Any mistakes and omissions are surely my own; let us know if anything is missing or mis-stated before we send these comments along to the appropriate WG mailing lists in the next couple of days.

Thanks,
Nick

## Comments/Questions on Media Capture Streams – Privacy and Security Considerations

Our input is intended to help the Media Capture Task Force produce a more privacy-protecting API.

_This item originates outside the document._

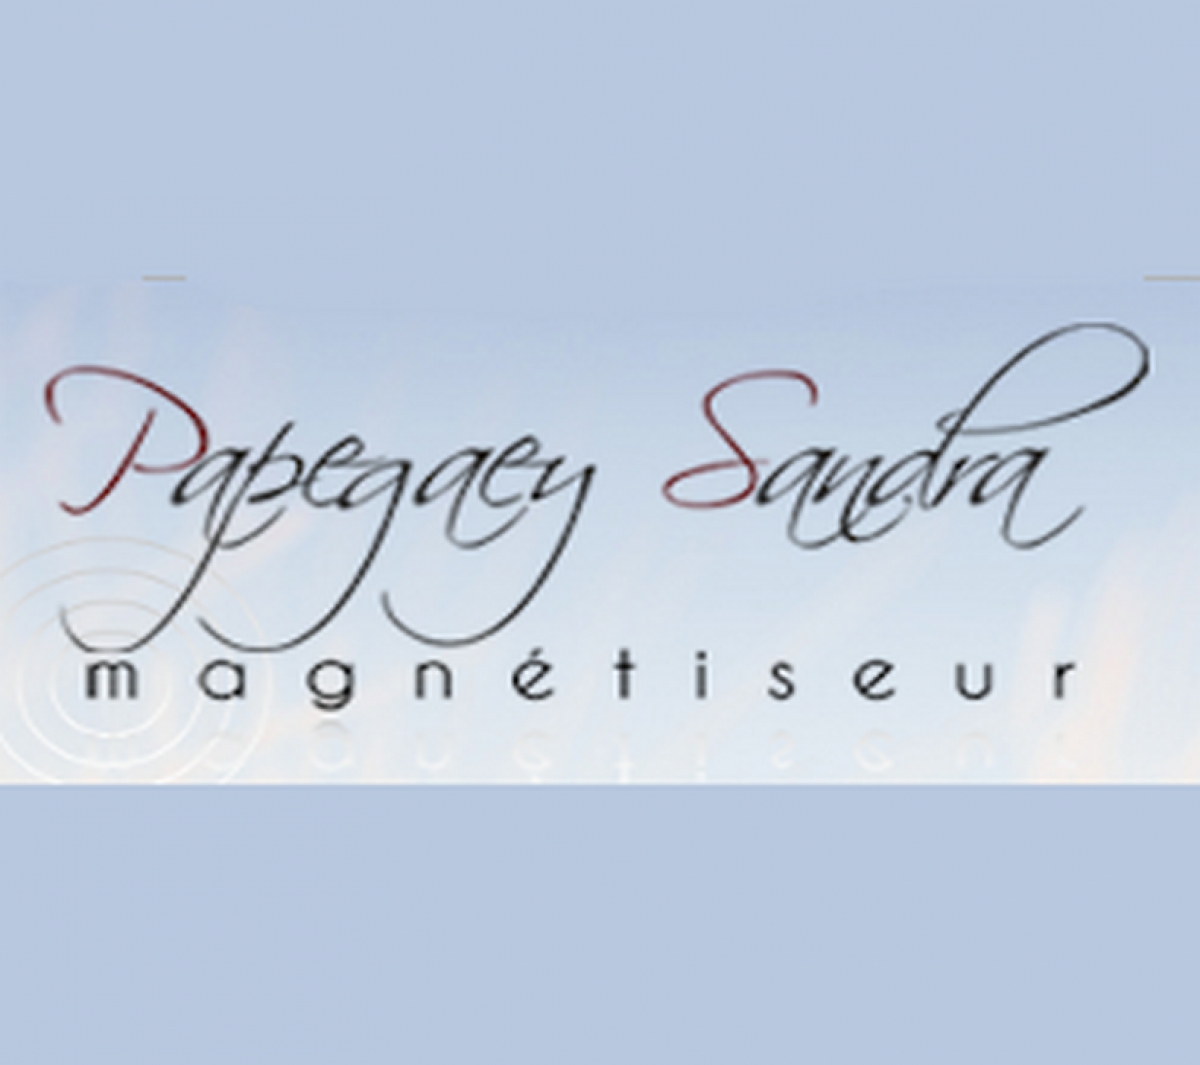 Papegaey Sandra - Magnétiseur

This feedback is based on discussions within the Privacy Interest Group and various email threads, consolidated as much as possible on similar topics. Also, some comments were provided in October 2014 on Media Stream recording, which may also be relevant:
https://lists.w3.org/Archives/Public/public-privacy/2014OctDec/0004.html

The Media Capture Task Force might be interested in documents (in-progress, and themselves needing review and feedback) to aid in identifying and mitigating privacy issues in Web specifications, which have been used as part of this review, including:
* https://w3ctag.github.io/security-questionnaire/
* https://w3c.github.io/fingerprinting-guidance/

Comments below have been combined into categories.

### Consent/Permissions

Do permissions carry forward across sessions? Could there be a built-in sunset period for permissions? European participants in particular have raised this concern as it may be related to legal compliance in the EU.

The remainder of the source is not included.